The Atlantic

What Those Animal Pelts Tell Us About the Future of the Far Right

The seditionist frontiersmen of the Capitol riot certainly meant to send a message through their clothing. But what was it?
Source: SAUL LOEB / AFP/ Getty

Last week’s takeover of the U.S. Capitol unleashed all kinds of questions—about the fragility of democracy and the future of the republic, about policing, about accountability, about America’s most violent fringes and how fringe they really are. But also: What’s up with all the animal skins? Why, during one of the scariest periods in recent national history, were hinterlander cosplayers parading through the Senate?

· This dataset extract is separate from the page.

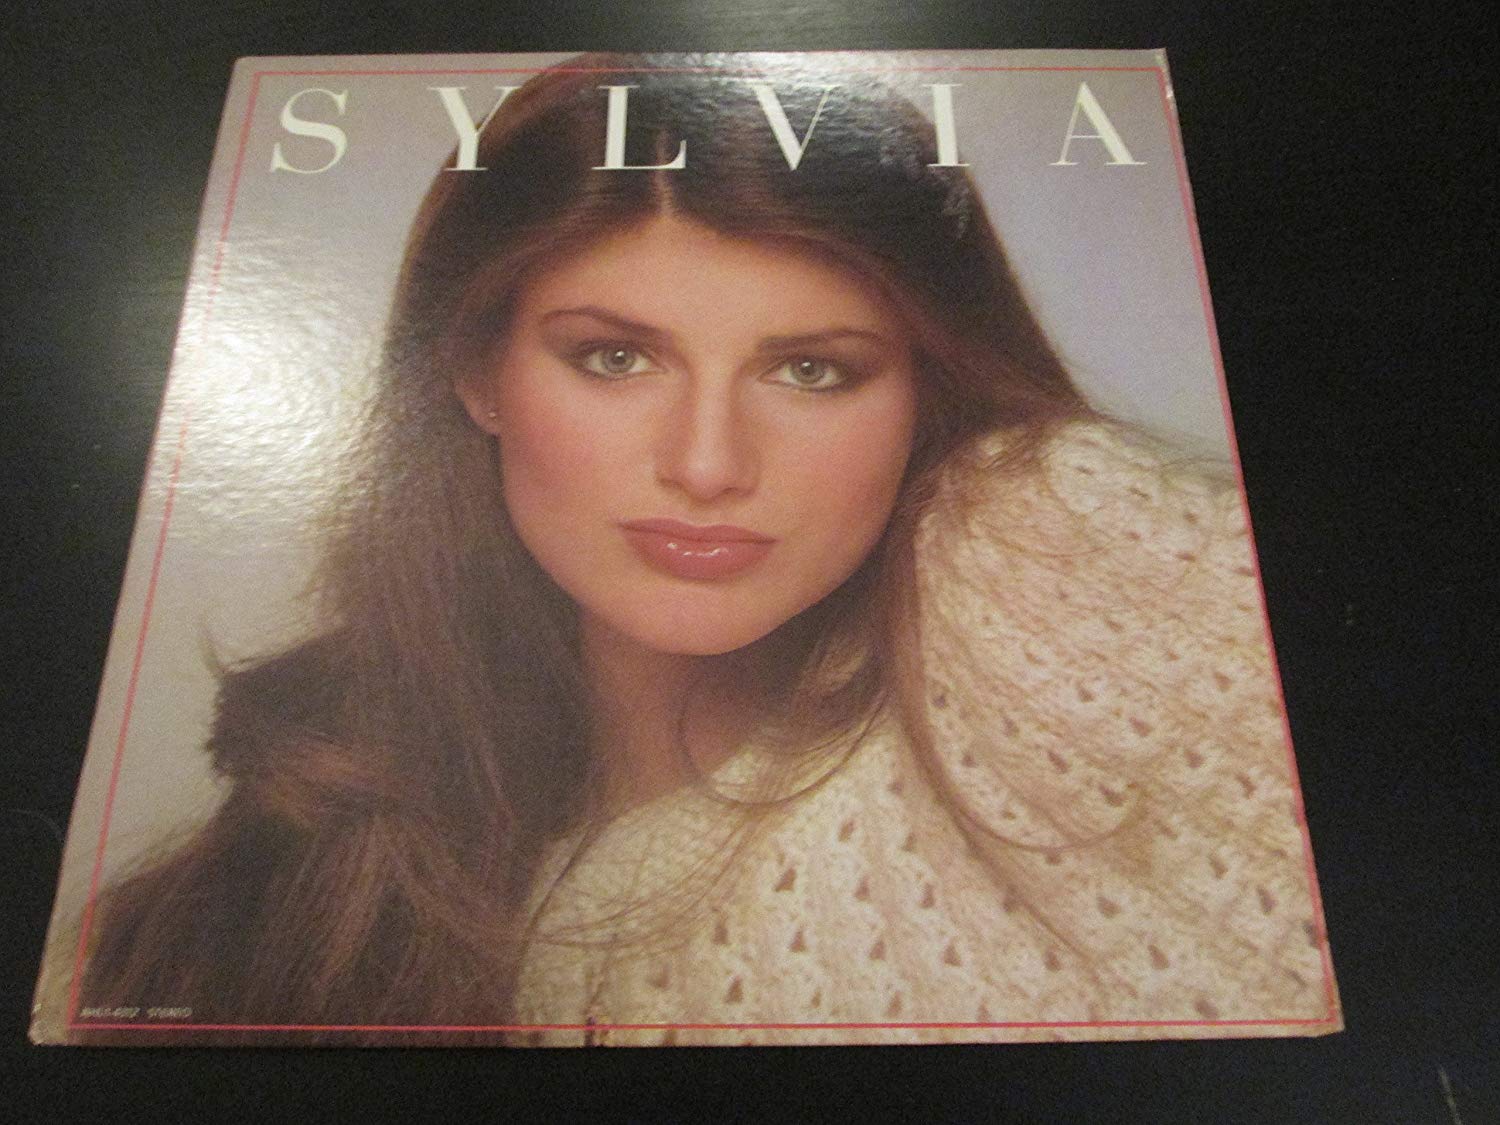 A photo of the album Sylvia at Vinyl Record Memories.

Since when are raccoon furs a crucial emblem of the Pizzagate front?

Take Aaron Mostofsky, who arrived at the Capitol wearing what appeared to be a fox-hide hood and a fuzzy gameskin, looking downright Neanderthalian, save for the owlish glasses perched on his nose and the bulletproof vest motifs. (The valknut, an insignia associated with Viking-style Germanic paganism, rests above his left pectoral muscle, and the thick stack of black bricks on his arm reportedly to build a wall along the southern border.) January 6’s riot encompassed all style of MAGA agitators: camo-outfitted paramilitary Proud Boy types, Confederate revivalists, 4chan dirtbags dressed in the style of Milo Yiannopoulos, older folks decked out in classic Trump-rally gear. But these seditionist frontiersmen represented a strange new flavor for the movement, further proof that America’s New Right will continue to mutate in unprecedented ways.